At last, we assume all the same side-elements on each spatial dimension have an equivalent opportunity to contribute to the construction of side-weighted averages. For example, refer to Fig. 2, only Ω1 is determined as a left-side element in the y-direction, both Ω1 and Ω2 are determined as top-side elements in the z-direction, thus we have

$$ \bar{\lambda}_{L}=\bar{\lambda}^{L}_{\Omega_{1}},\quad\bar{\lambda}_{T}=\frac{1}{2}(\bar{\lambda}^{R}_{\Omega_{1}}+\bar{\lambda}^{R}_{\Omega_{2}}). $$
(22)

In addition, we define the characteristic mesh-size hx,hy,hz to be used as follows,

$$ h_{x}=max\left\{|x_{k}-x_{0}|\right\},\quad h_{y}=max\left\{|y_{k}-y_{0}|\right\},\quad h_{z}=max\left\{|z_{k}-z_{0}|\right\}. $$
(23)

According to the steps above and combined with formulae (20), (21) and (22), side-weighted averages of eigenvalue \(\bar {\lambda }_{b},\bar {\lambda }_{f}, \bar {\lambda }_{L},\bar {\lambda }_{R},\bar {\lambda }_{B},\bar {\lambda }_{T}\) can be constructed easily.

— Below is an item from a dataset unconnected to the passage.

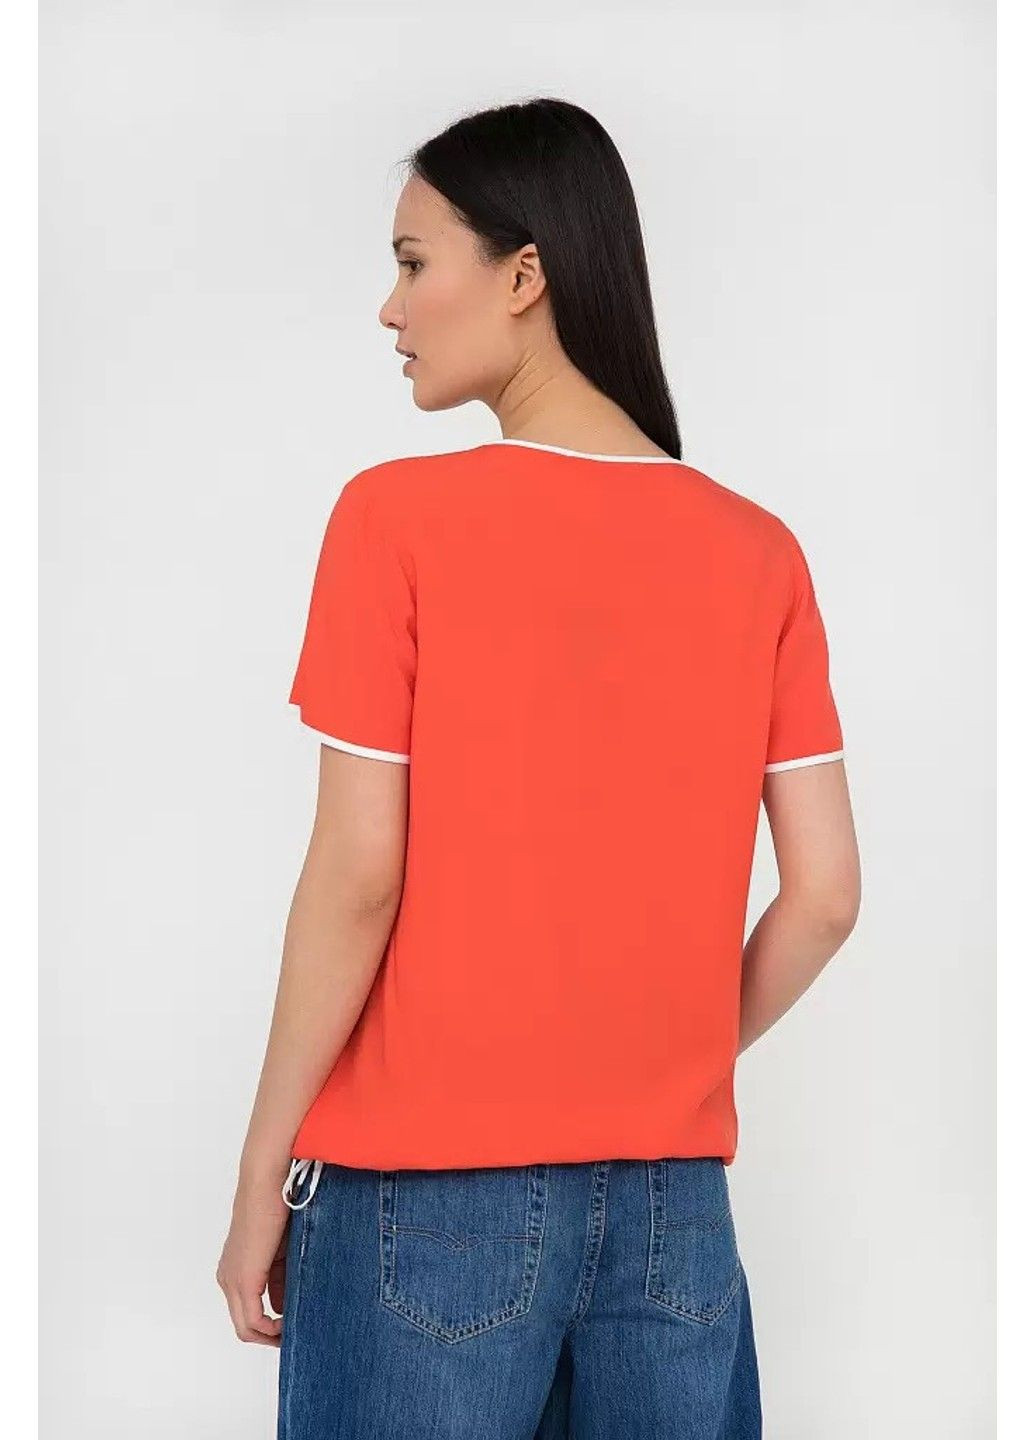 Красная летняя блузка s20-12054-329 Finn Flare

Replacing h in (17) by hx in the x-direction, hy in the y-direction, hz in the z-direction, and \(\bar {\lambda }_{L},\;\bar {\lambda }_{R}\) in (17) by \(\bar {\lambda }_{b},\bar {\lambda }_{f}\) in the x-direction, \(\bar {\lambda }_{L},\bar {\lambda }_{R}\) in the y-direction, and \(\bar {\lambda }_{B},\bar {\lambda }_{T}\) in the z-direction, we can obtain a concise and generalized characteristic-based shock wave indicator on unstructured grids as follows,

$$ \widehat{out}_{e}^{3D}=max\left\{ \widehat{out}_{e}(\bar{\lambda}_{b},\;\bar{\lambda}_{f};\;h_{x}),\;\widehat{out}_{e}(\bar{\lambda}_{L},\;\bar{\lambda}_{R};\;h_{y}),\;\widehat{out}_{e}(\bar{\lambda}_{B},\;\bar{\lambda}_{T};\;h_{z}) \right\}. $$
(24)

Here, \(\widehat {out}_{e}\) is the indicator for system equations (18), \(\bar {\lambda }_{b},\bar {\lambda }_{f}, \bar {\lambda }_{L},\bar {\lambda }_{R},\bar {\lambda }_{B},\bar {\lambda }_{T}\) are defined by (20), (21), (22).

(24) is used as the shock wave indicator in this work. Based on statements in Section 3.1, we can conclude that (24) can detect shock wave discontinuities caused by compressing or intersecting of characteristic. Especially it can detect contact waves in the Euler equations.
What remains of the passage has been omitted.